ATRAC: Adaptive Transform Acoustic Coding for MiniDisc

Kyoya Tsutsui, Hiroshi Suzuki, Osamu Shimoyoshi, Mito Sonohara, Kenzo Akagiri, Robert M. Heddle

Sony Corporate Research Laboratories

6-7-35 Kitashinagawa, Shinagawa-ku, Tokyo 141 Japan

Reprinted from the 93rd Audio Engineering Society Convention in San Fransisco, 1992 October 1-4 and 1)

ATRAC is an audio coding system based on psychoacoustic principles. The input signal is divided into three subbands which are then transformed into the frequency domain using a variable block length. Transform coefficients are grouped into nonuniform bands to reflect the human auditory system, and then quantized on the basis of dynamic sensitivity and masking characteristics. ATRAC compresses compact disc audio to approximately 1/5 of the original data rate with virtually no loss in sound quality.

Recently, there has been an increasing consumer demand for a portable recordable high-quality digital audio media. The MiniDisc system was developed to meet this demand. The MiniDisc is based on a 64 mm optical or magneto-optical disc which has approximately 1/5 of the data storage capacity of a standard compact disc. Despite the reduced storage capacity, it was necessary that the MiniDisc maintain high sound quality and a playing time of 74 minutes. The ATRAC (Adaptive Transform Acoustic Coding) data compression system was therefor designed to meet the following criteria:

  • Compression of 16-bit 44.1 kHz stereo audio into less than 1/5 of the original data rate with minimal reduction in sound quality.
  • Simple and inexpensive hardware implementation suitable for portable players and recorders.

When digital audio data is compressed, there is normally a certain amount of quantization noise introduced into the signal. The goal of many audio coding systems [1-6] is to control the time-frequency distribution of this noise in such a way as to render it inaudible to the human ear.

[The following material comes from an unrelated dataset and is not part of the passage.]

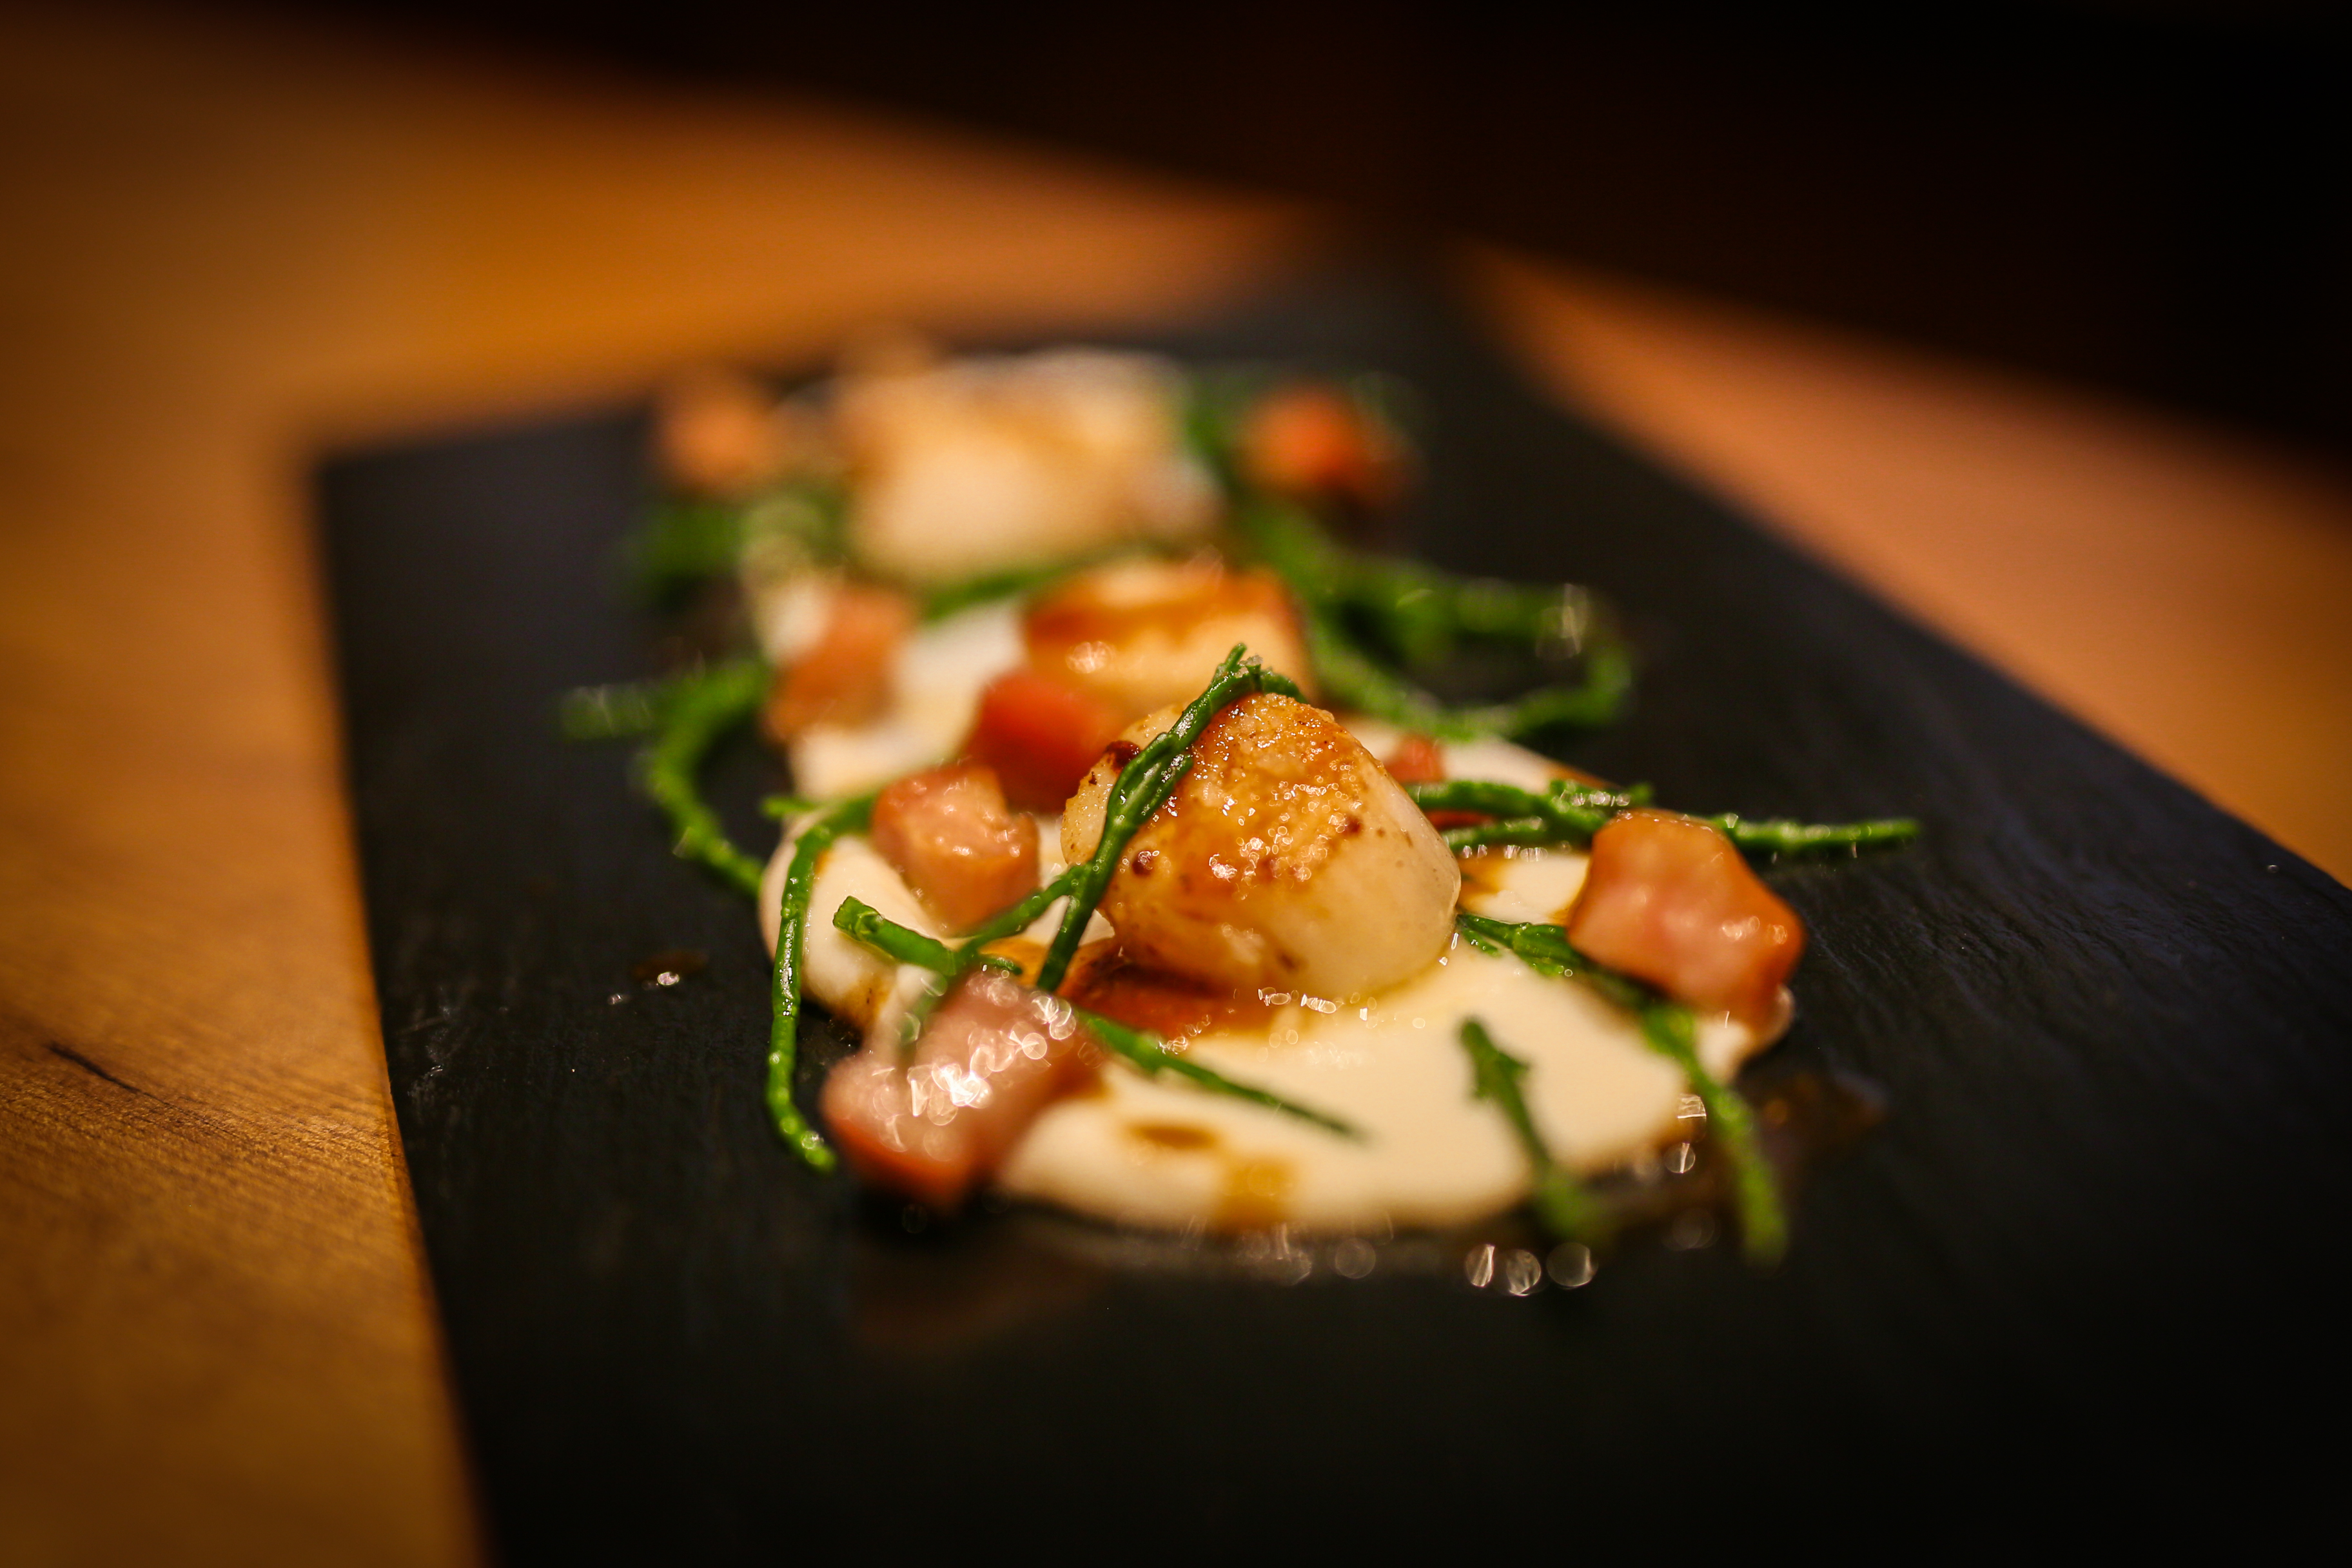 Grilled scallops with cauliflower puree, crispy bacon and lamb's lettuce

If this is completely successful, the reconstructed signal will be indistinguishable from the original.

In general, audio coders operate by decomposing the signal into a set of units, each corresponding to a certain range in time and frequency. Using this time-frequency distribution, the signal is analyzed according to psychoacoustic principles. This analysis indicates which units are critical and must be coded with high precision, and which units are less sensitive and can tolerate some quantization noise without degrading the perceived sound quality. Based on this information, the available bits are allocated to the time-frequency units. The spectral coefficients in each unit are then quantized using the allocated bits. In the decoder, the quantized spectra are reconstructed according to the bit allocation and then synthesized into an audio signal.

The ATRAC system operates as above, with several enhancements. ATRAC uses psychoacoustics not only in the bit allocation algorithm, but also in the time-frequency splitting. Using a combination of subband coding and transform coding techniques, the input signal is analyzed in nonuniform frequency divisions which emphasize the important low-frequency regions. In addition, ATRAC uses a transform block length which adapts to the input signal. This ensures efficient coding of stationary passages without sacrificing time resolution during transient passages.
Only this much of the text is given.